Late-onset X-linked Chronic Granulomatous Disease in a Female Carrier: Therapeutic Role of Interferon-γ and Hematopoietic Stem Cell Transplantation

X-linked Chronic Granulomatous Disease (CGD) is a rare inherited immunodeficiency characterized by early life-threatening infections from bacteria and fungi in male children. Female carriers of X-linked CGD usually do not develop any manifestations of the disease, yet in rare cases they may present with CGD-related manifestations due to skewed X chromosome inactivation, even in advanced age. Here, we report the case of a 49-year-old woman with no history of previous frequent or severe infections, who presented acutely with life-threatening bilateral pneumonia caused by Nocardia asteroides and was eventually diagnosed with late-onset X-linked CGD due to skewed X chromosome inactivation in white blood cells. Treatment with interferon-γ as a rescue therapy resulted in normalization of the intensity of the oxidative burst in the residual positive cells and resolution of the infection, which was otherwise resistant to conventional treatments. After discharge, however, recurrent severe pulmonary infections despite prophylactic treatments as well as appearance of granulomatous colitis led to considering definitive treatment.
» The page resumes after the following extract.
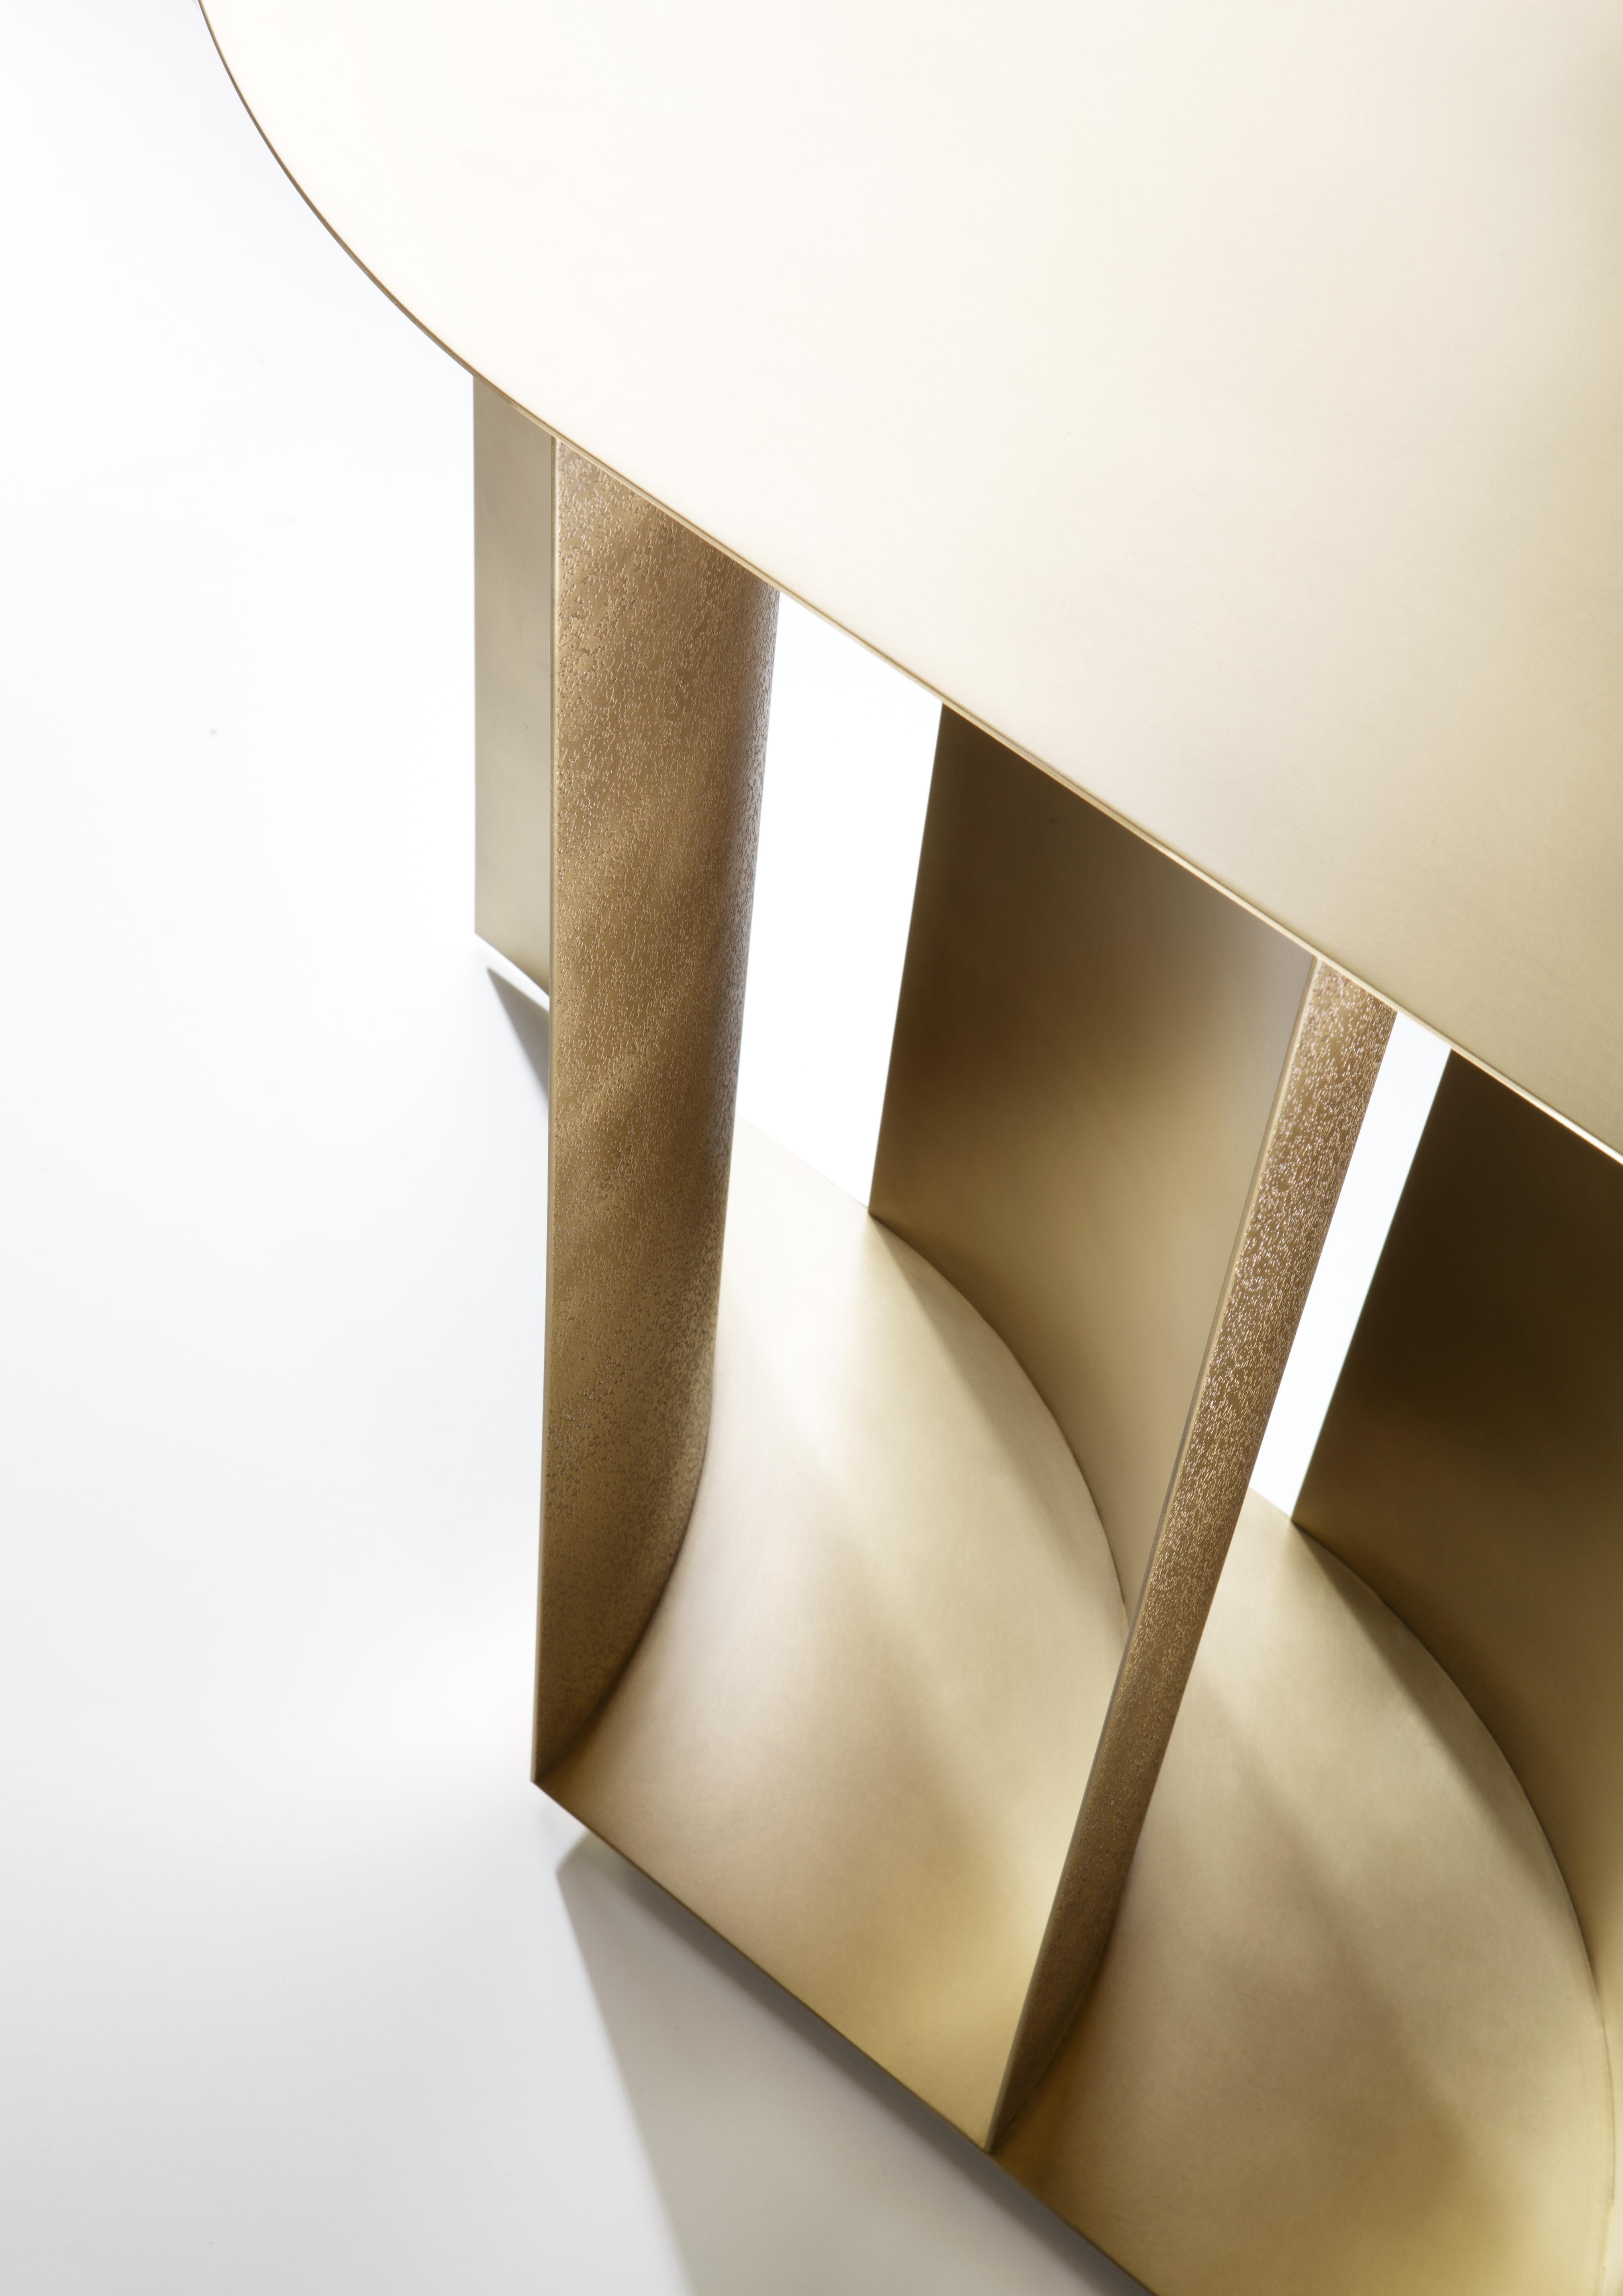 A series of curved brass sheets form the base of Sinestesia encapsulating the solidity and expressiveness of metal.
With rounded edges, the leaf-like top of the console rests on the curvature of the metal sheets below, playing with positive and

Hematopoietic stem cell transplantation from unaffected HLA-identical brother using a non-myeloablative conditioning protocol with intravenous busulfan followed by high-dose peripheral blood stem cell graft and post-transplant cyclophosphamide was successfully performed. After three years of follow-up, white blood cell chimerism remained stable with about 60% donor cells in the myeloid lineage, with no further infections and no recurrence of inflammatory bowel disease.